- Artist: David Adickes
- Year: 1983
- Type: Sculpture
- Medium: Steel and concrete
- Dimensions: 11 m (36 ft)
- Weight: 25 tons
- Location: Houston, Texas, United States; 29°45′46.3″N 95°21′54.4″W﻿ / ﻿29.762861°N 95.365111°W;

= Virtuoso (sculpture) =

Sculpture in Houston, Texas, U.S.

Virtuoso is a 36-foot-tall, 25-ton outdoor concrete sculptural group by David Adickes. It was installed in 1983 on the outskirts of the Theater District in downtown Houston next to the Lyric Centre building. It was commissioned as a work that "paid homage to music, dance and performing arts".

==Description==
Viewed from the intersection of Prairie and Smith Streets, the sculpture is a gigantic cello being played by a virtuoso who is invisible except for his head and hands. Behind the sculpture adjacent to the Lyric Centre, a life-sized trio of abstract musicians including a violinist, bass, and flute player accompany the giant cellist. The work is equipped with an integrated sound system that plays classical music for passing pedestrians.

==History==
Virtuoso, the artist's favorite work, was his first large-scale sculpture to garner major public exposure. It initially was controversial with critics and many residents panning the sculpture; however, with time, it has been embraced as an iconic landmark.

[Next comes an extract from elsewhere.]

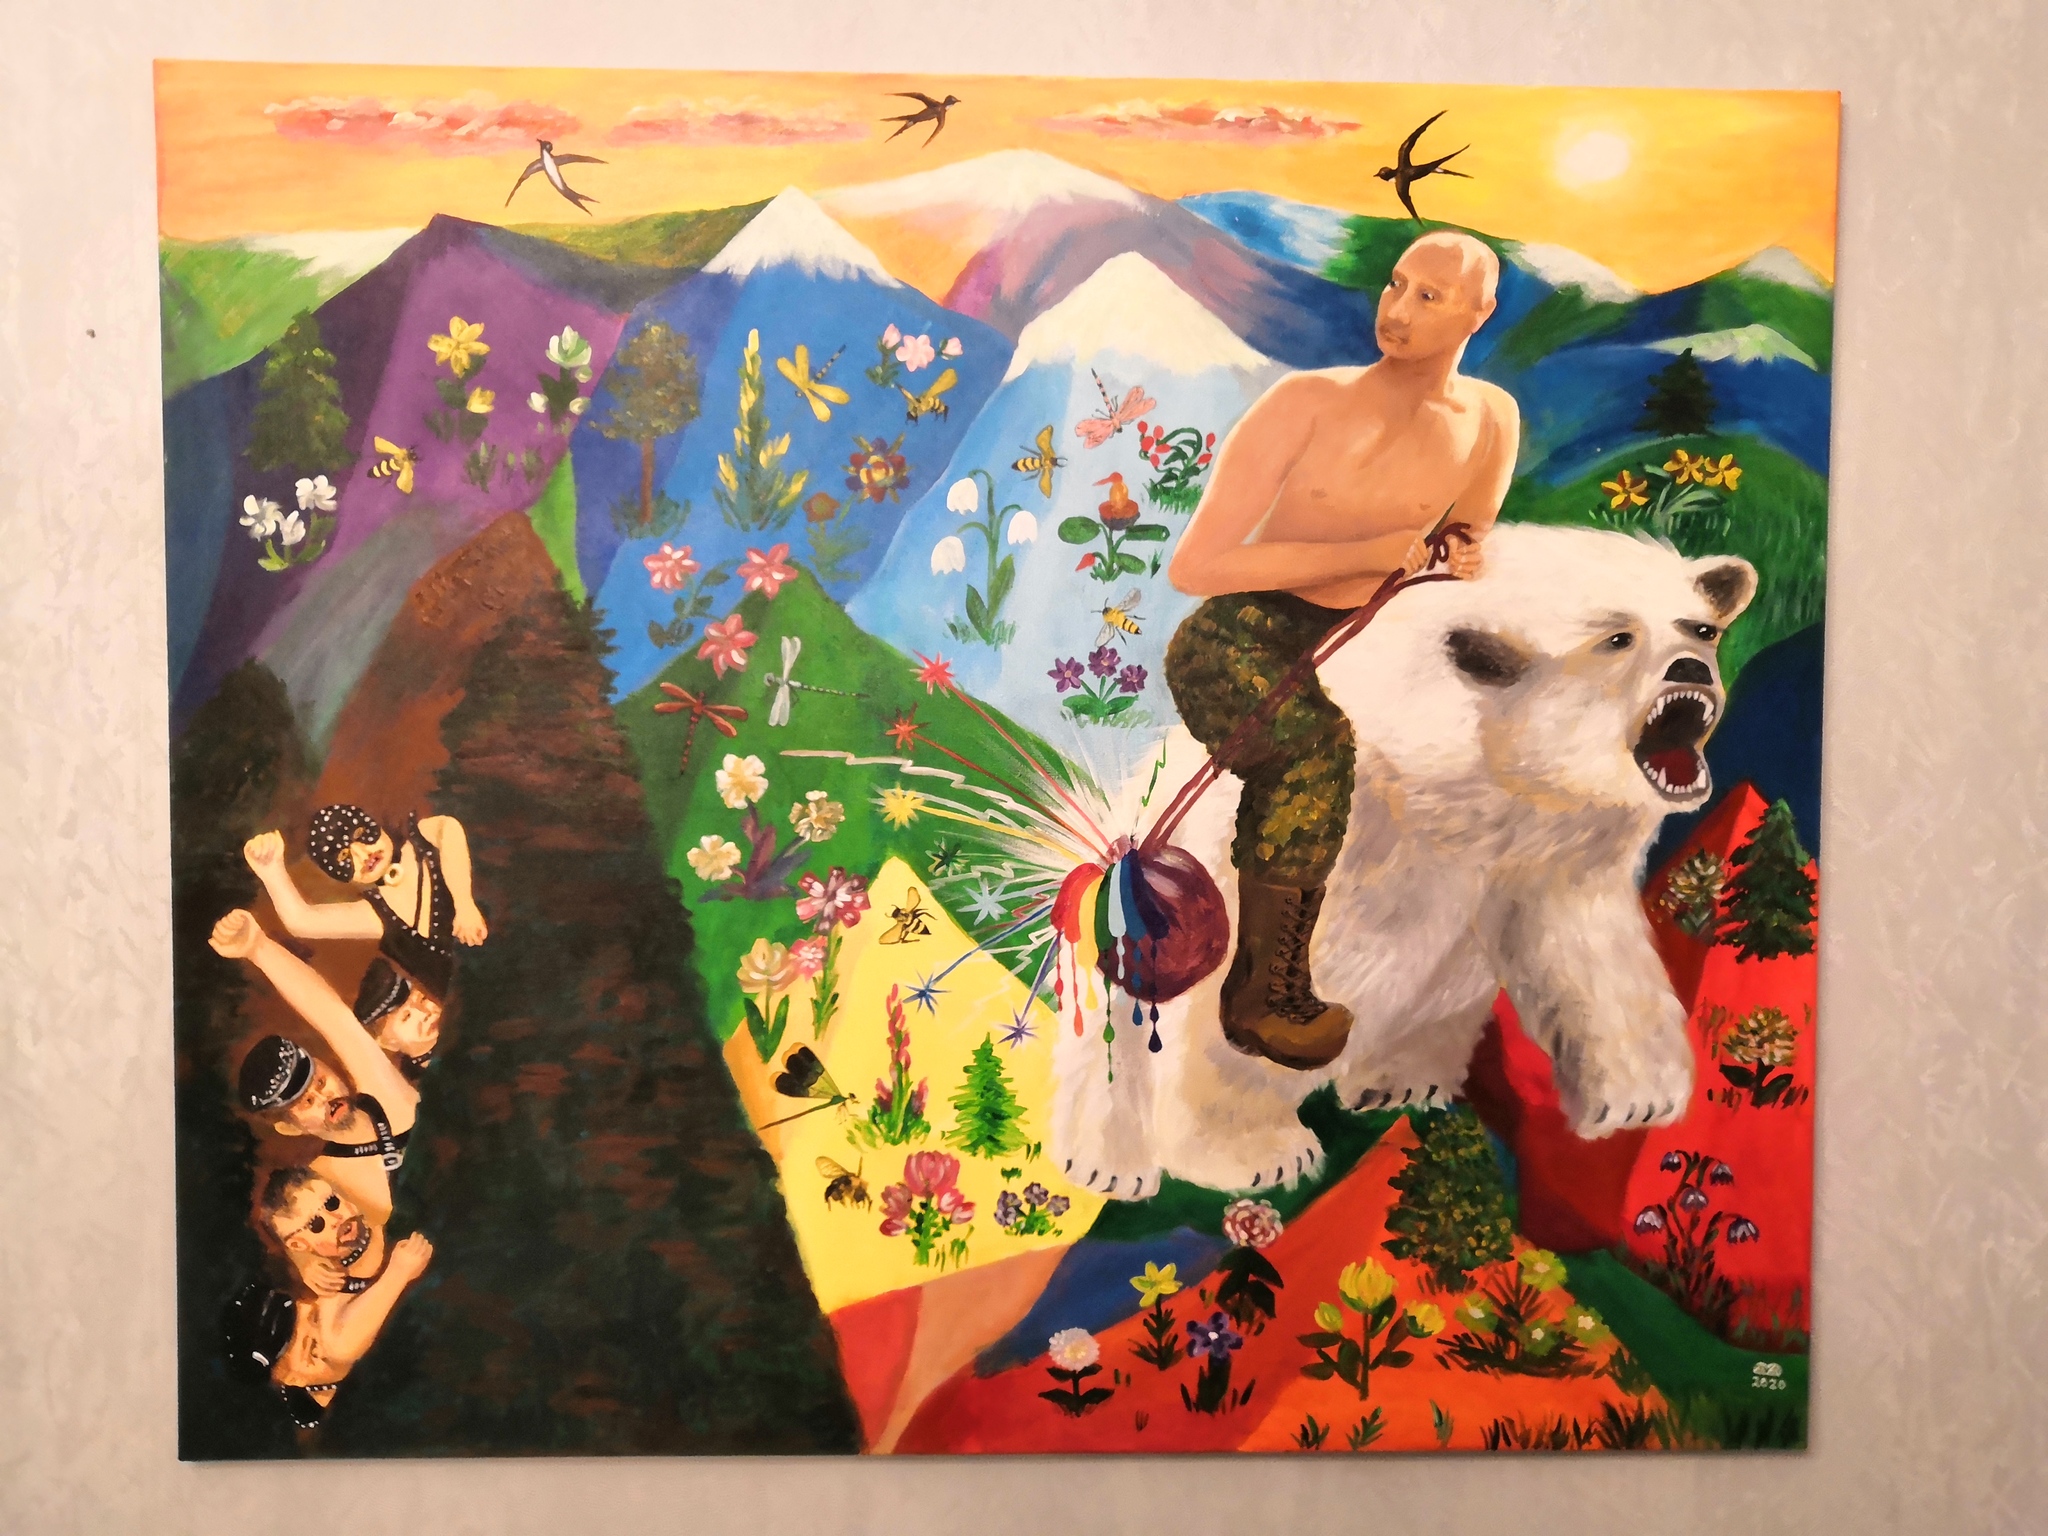 Putin steals the rainbow from fagots. 120x100 canvas, acrylic - My, Victor Pelevin, Vladimir Putin, Painting, Mat, Iphuck 10, Fresco, Rainbow, LGBT, Abduction

In 2005, the president of the Lyric Centre's property management group ordered the giant cellist's mustache to be painted black without consulting the artist. After Adickes and others in the arts community said it overstepped its bounds in altering the artwork, the property management company provided a bucket truck and paint so that the artist could repaint the mustache white.

In 2017 using laser scanner data and nondestructive testing, the engineering firm Walter P Moore determined that the sculpture weighed 25 tons.